What you will do:
Copy all of the records word for word.

----

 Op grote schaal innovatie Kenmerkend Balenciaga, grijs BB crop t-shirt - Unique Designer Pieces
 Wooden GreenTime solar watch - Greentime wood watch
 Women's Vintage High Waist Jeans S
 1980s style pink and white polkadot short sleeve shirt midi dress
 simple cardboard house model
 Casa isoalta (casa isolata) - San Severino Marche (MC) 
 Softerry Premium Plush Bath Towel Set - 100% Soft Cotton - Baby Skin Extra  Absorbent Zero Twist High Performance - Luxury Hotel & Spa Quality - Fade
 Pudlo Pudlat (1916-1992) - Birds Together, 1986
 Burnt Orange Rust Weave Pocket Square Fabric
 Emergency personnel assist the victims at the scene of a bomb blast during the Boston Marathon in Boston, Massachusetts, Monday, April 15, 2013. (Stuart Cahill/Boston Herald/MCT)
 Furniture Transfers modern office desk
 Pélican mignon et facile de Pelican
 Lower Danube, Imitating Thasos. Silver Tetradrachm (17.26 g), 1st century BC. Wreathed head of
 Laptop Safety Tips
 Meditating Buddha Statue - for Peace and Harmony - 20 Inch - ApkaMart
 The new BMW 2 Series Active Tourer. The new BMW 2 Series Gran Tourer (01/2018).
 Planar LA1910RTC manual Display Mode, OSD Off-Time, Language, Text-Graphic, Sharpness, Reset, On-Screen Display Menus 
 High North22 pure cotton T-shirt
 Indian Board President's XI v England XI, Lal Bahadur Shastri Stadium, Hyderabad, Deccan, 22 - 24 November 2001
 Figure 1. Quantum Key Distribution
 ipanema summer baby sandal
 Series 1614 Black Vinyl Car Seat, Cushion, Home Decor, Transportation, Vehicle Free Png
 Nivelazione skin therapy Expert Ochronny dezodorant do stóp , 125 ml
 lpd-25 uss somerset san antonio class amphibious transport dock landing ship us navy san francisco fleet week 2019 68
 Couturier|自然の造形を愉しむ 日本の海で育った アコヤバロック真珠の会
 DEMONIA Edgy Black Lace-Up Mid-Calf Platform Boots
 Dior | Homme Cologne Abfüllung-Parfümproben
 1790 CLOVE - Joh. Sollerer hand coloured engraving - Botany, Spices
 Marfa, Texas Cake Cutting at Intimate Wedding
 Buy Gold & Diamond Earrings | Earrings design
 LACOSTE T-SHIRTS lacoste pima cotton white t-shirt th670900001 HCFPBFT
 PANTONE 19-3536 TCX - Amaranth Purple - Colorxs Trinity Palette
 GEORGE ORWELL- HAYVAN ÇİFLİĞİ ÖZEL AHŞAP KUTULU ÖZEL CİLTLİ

----

Your response:
 Op grote schaal innovatie Kenmerkend Balenciaga, grijs BB crop t-shirt - Unique Designer Pieces
 Wooden GreenTime solar watch - Greentime wood watch
 Women's Vintage High Waist Jeans S
 1980s style pink and white polkadot short sleeve shirt midi dress
 simple cardboard house model
 Casa isoalta (casa isolata) - San Severino Marche (MC) 
 Softerry Premium Plush Bath Towel Set - 100% Soft Cotton - Baby Skin Extra  Absorbent Zero Twist High Performance - Luxury Hotel & Spa Quality - Fade
 Pudlo Pudlat (1916-1992) - Birds Together, 1986
 Burnt Orange Rust Weave Pocket Square Fabric
 Emergency personnel assist the victims at the scene of a bomb blast during the Boston Marathon in Boston, Massachusetts, Monday, April 15, 2013. (Stuart Cahill/Boston Herald/MCT)
 Furniture Transfers modern office desk
 Pélican mignon et facile de Pelican
 Lower Danube, Imitating Thasos. Silver Tetradrachm (17.26 g), 1st century BC. Wreathed head of
 Laptop Safety Tips
 Meditating Buddha Statue - for Peace and Harmony - 20 Inch - ApkaMart
 The new BMW 2 Series Active Tourer. The new BMW 2 Series Gran Tourer (01/2018).
 Planar LA1910RTC manual Display Mode, OSD Off-Time, Language, Text-Graphic, Sharpness, Reset, On-Screen Display Menus 
 High North22 pure cotton T-shirt
 Indian Board President's XI v England XI, Lal Bahadur Shastri Stadium, Hyderabad, Deccan, 22 - 24 November 2001
 Figure 1. Quantum Key Distribution
 ipanema summer baby sandal
 Series 1614 Black Vinyl Car Seat, Cushion, Home Decor, Transportation, Vehicle Free Png
 Nivelazione skin therapy Expert Ochronny dezodorant do stóp , 125 ml
 lpd-25 uss somerset san antonio class amphibious transport dock landing ship us navy san francisco fleet week 2019 68
 Couturier|自然の造形を愉しむ 日本の海で育った アコヤバロック真珠の会
 DEMONIA Edgy Black Lace-Up Mid-Calf Platform Boots
 Dior | Homme Cologne Abfüllung-Parfümproben
 1790 CLOVE - Joh. Sollerer hand coloured engraving - Botany, Spices
 Marfa, Texas Cake Cutting at Intimate Wedding
 Buy Gold & Diamond Earrings | Earrings design
 LACOSTE T-SHIRTS lacoste pima cotton white t-shirt th670900001 HCFPBFT
 PANTONE 19-3536 TCX - Amaranth Purple - Colorxs Trinity Palette
 GEORGE ORWELL- HAYVAN ÇİFLİĞİ ÖZEL AHŞAP KUTULU ÖZEL CİLTLİ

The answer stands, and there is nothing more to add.